What is the difference between etyb.ai and etyb-skills?
etyb.ai is the product and the company. etyb-skills is the open-source foundation that powers it. As of v4 it is one coordinated skill (/etyb) backed by 14 specialists, 9 always-on protocols, 6 vertical architects, and 13 vendor Stacks — all in one repo, MIT-licensed. You can install etyb-skills yourself, inspect how it works, fork it, and run it on any agentskills.io-compliant platform. etyb.ai uses the same system internally.
Who is this for?
Teams shipping real software who want their AI agent to behave like a disciplined engineer. Engineers tired of AI that skips tests, rubber-stamps reviews, or chases symptoms. Leaders of regulated codebases (fintech, healthcare, e-commerce) who need traceable decisions and evidence-backed completion. Solo developers who want one expert on demand — every specialist works standalone.
What makes it different
How is this different from Copilot, Cursor, or Devin?

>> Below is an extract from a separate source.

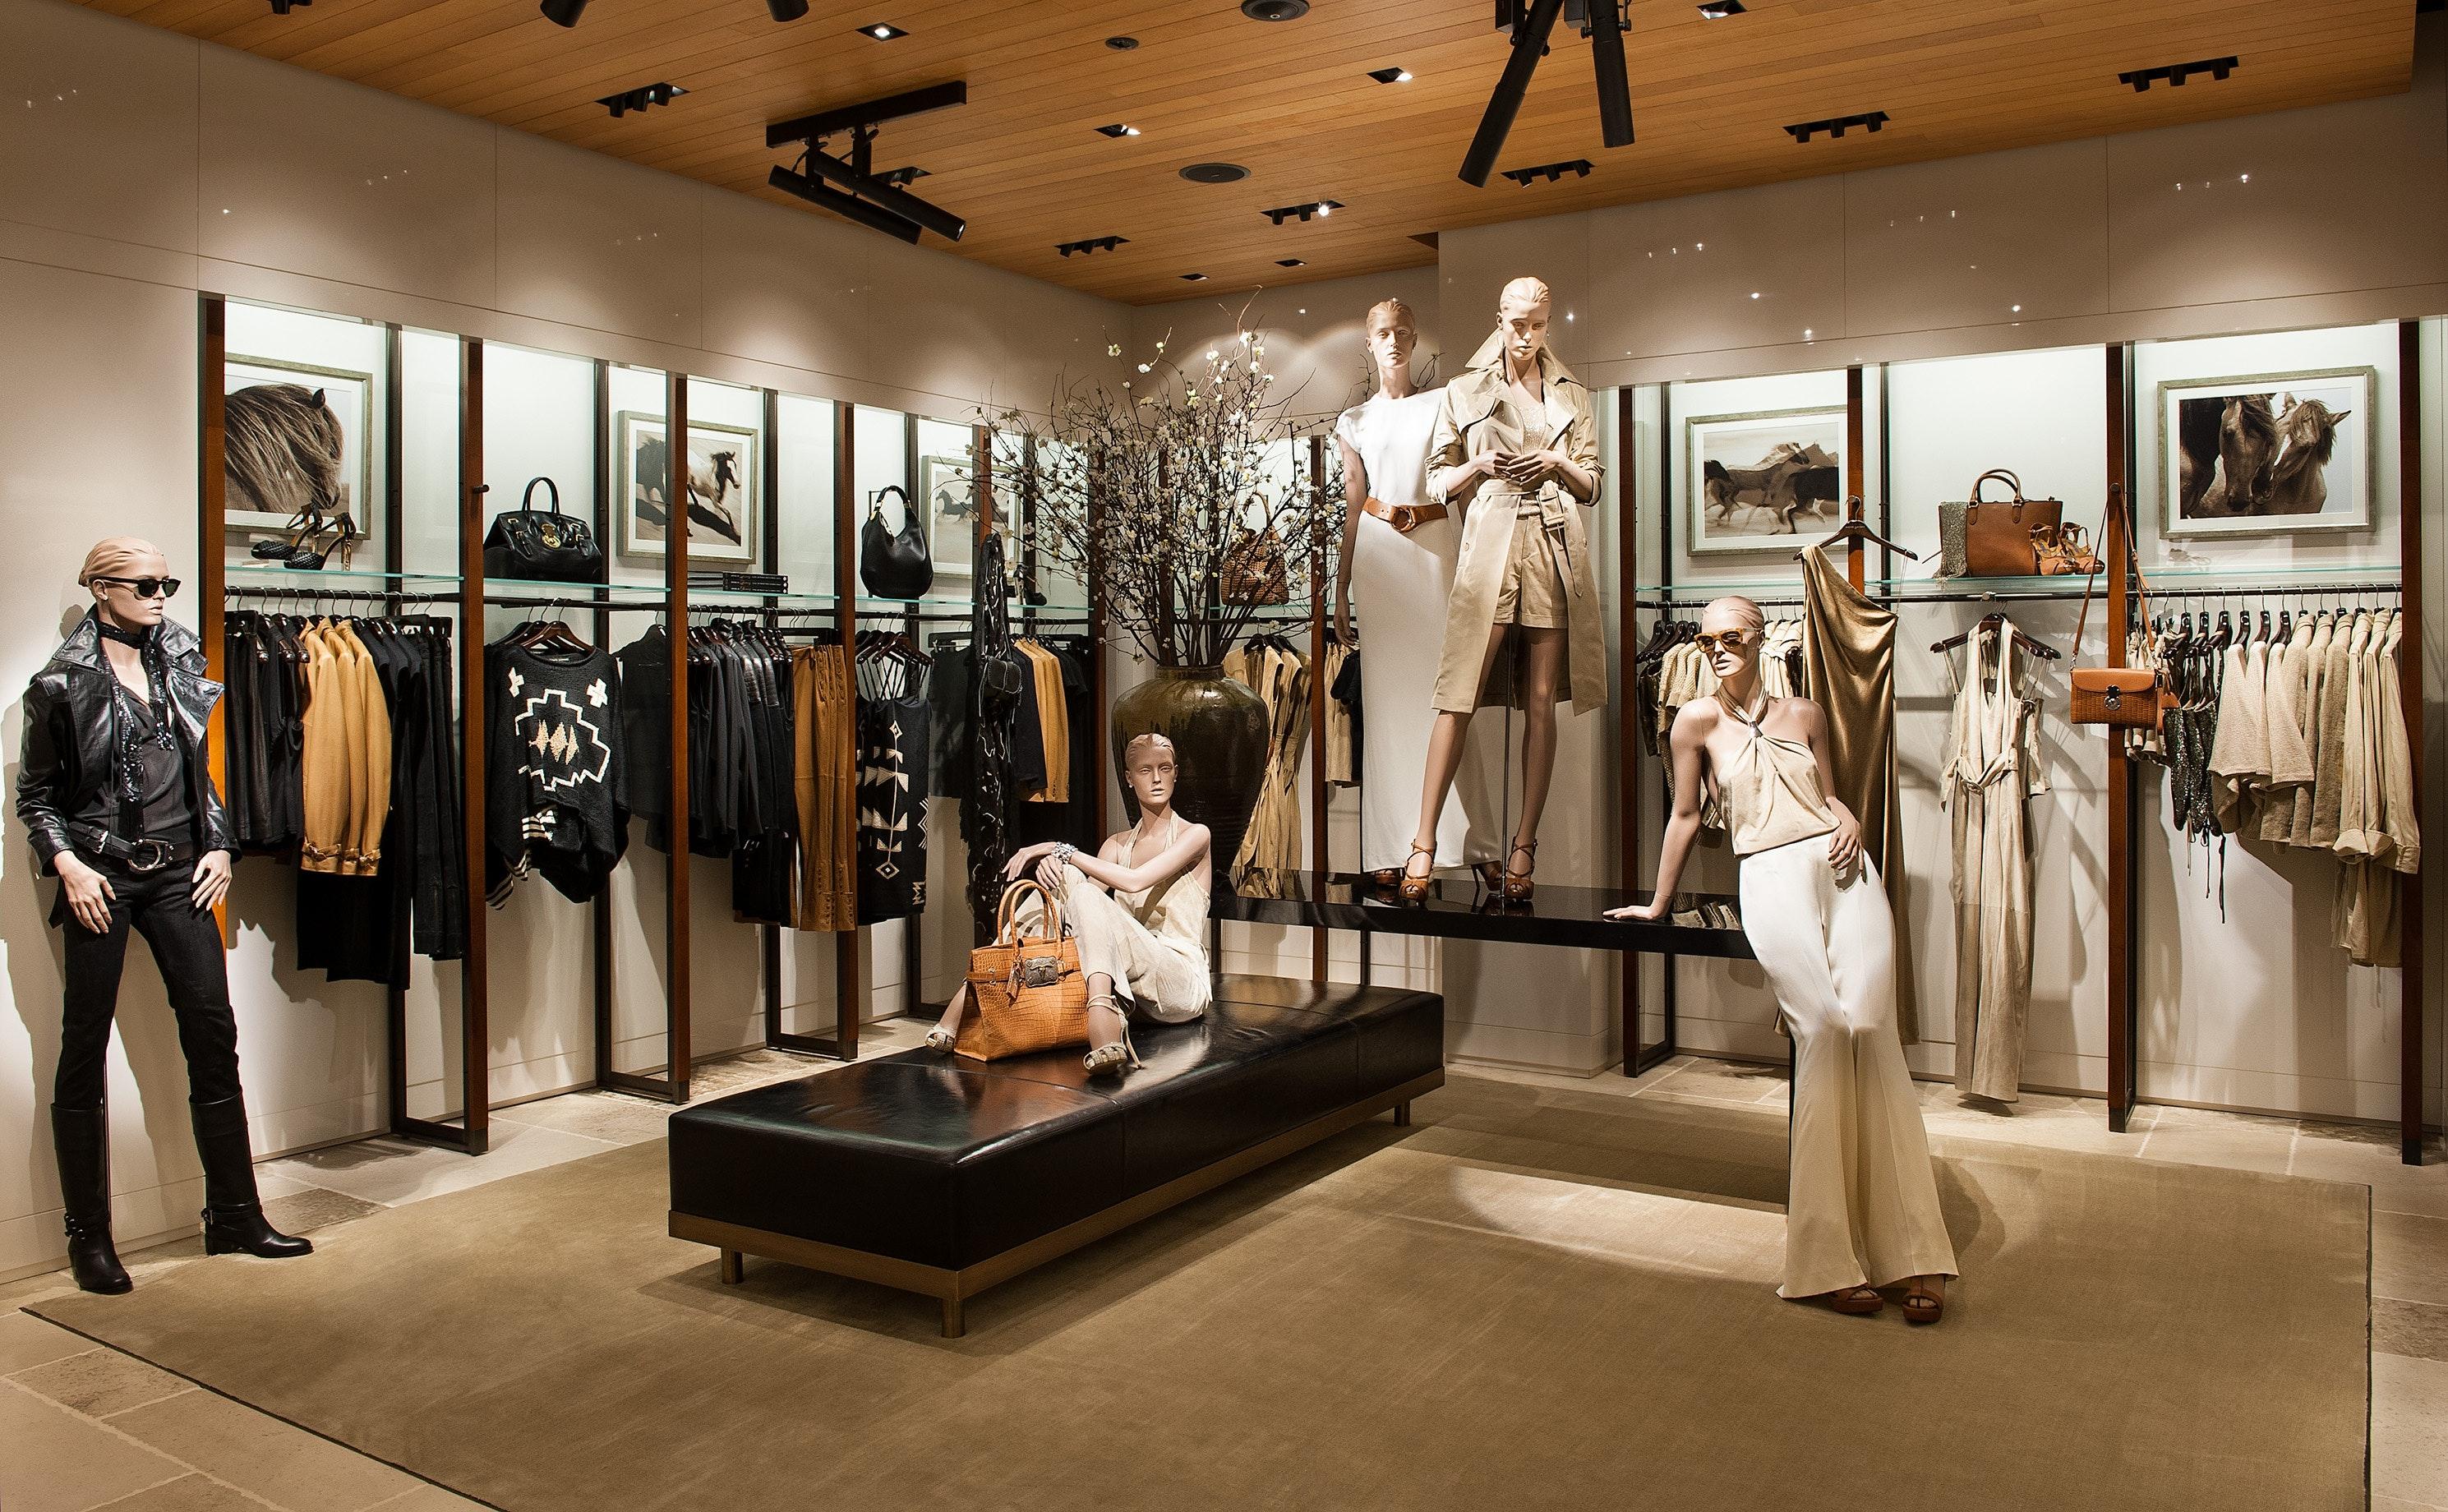 Models outfit falls off at lakme fashion week USS Monitor - Wikipedia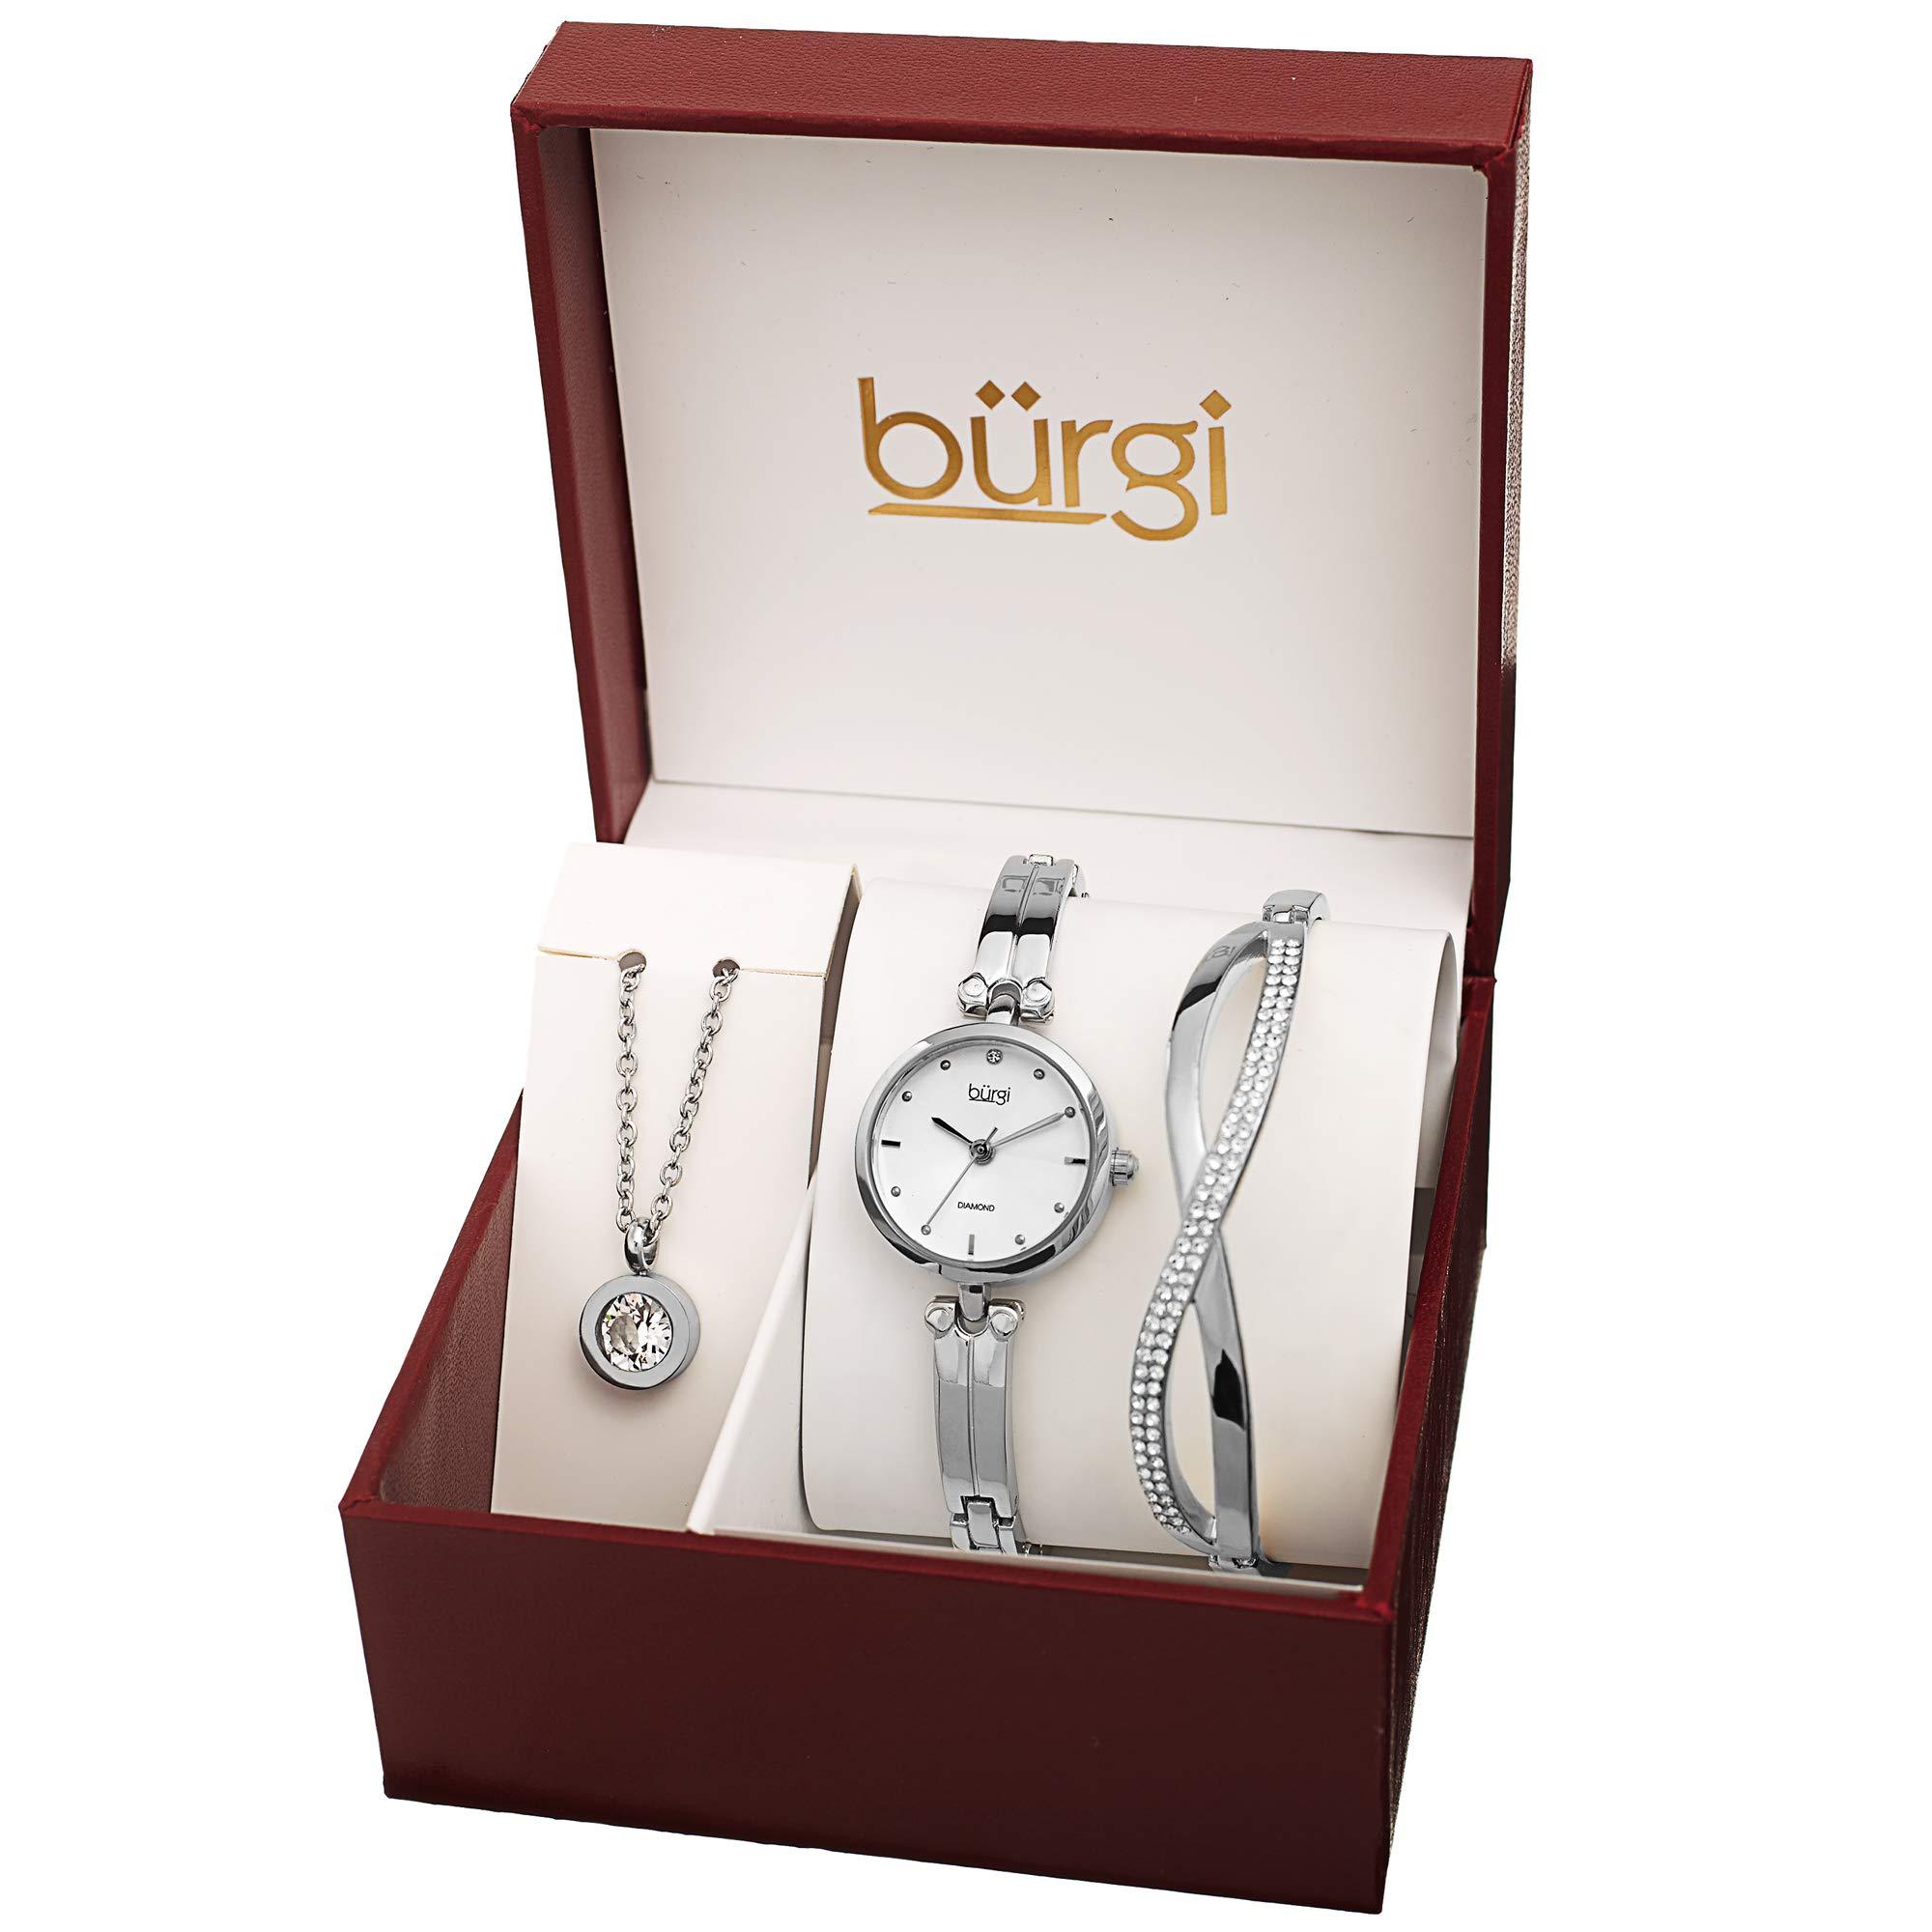 Burgi Women's Jewelry Gift Set - Half Bangle Diamond Watch, Swarovski Crystal Pendant Necklace and Bracelet - Flash Plated Silver - BUR212SS-S

Those are assistants optimized around a code editor. etyb is a virtual engineering company optimized around delivery: a CTO routes work, specialists take ownership, and protocols gate what ships. It is not a single model pretending to know everything — it is a team with defined roles, obligations, and review loops.
Why route through an orchestrator instead of calling skills directly?
Because most requests need more than one discipline. "Build a fintech API with auth" needs fintech-architect + backend-architect + security-engineer, plus TDD, verification, and review protocols. The orchestrator decides the right mix and keeps everyone honest via the protocol layer. Routing is cheap; wrong team composition is expensive.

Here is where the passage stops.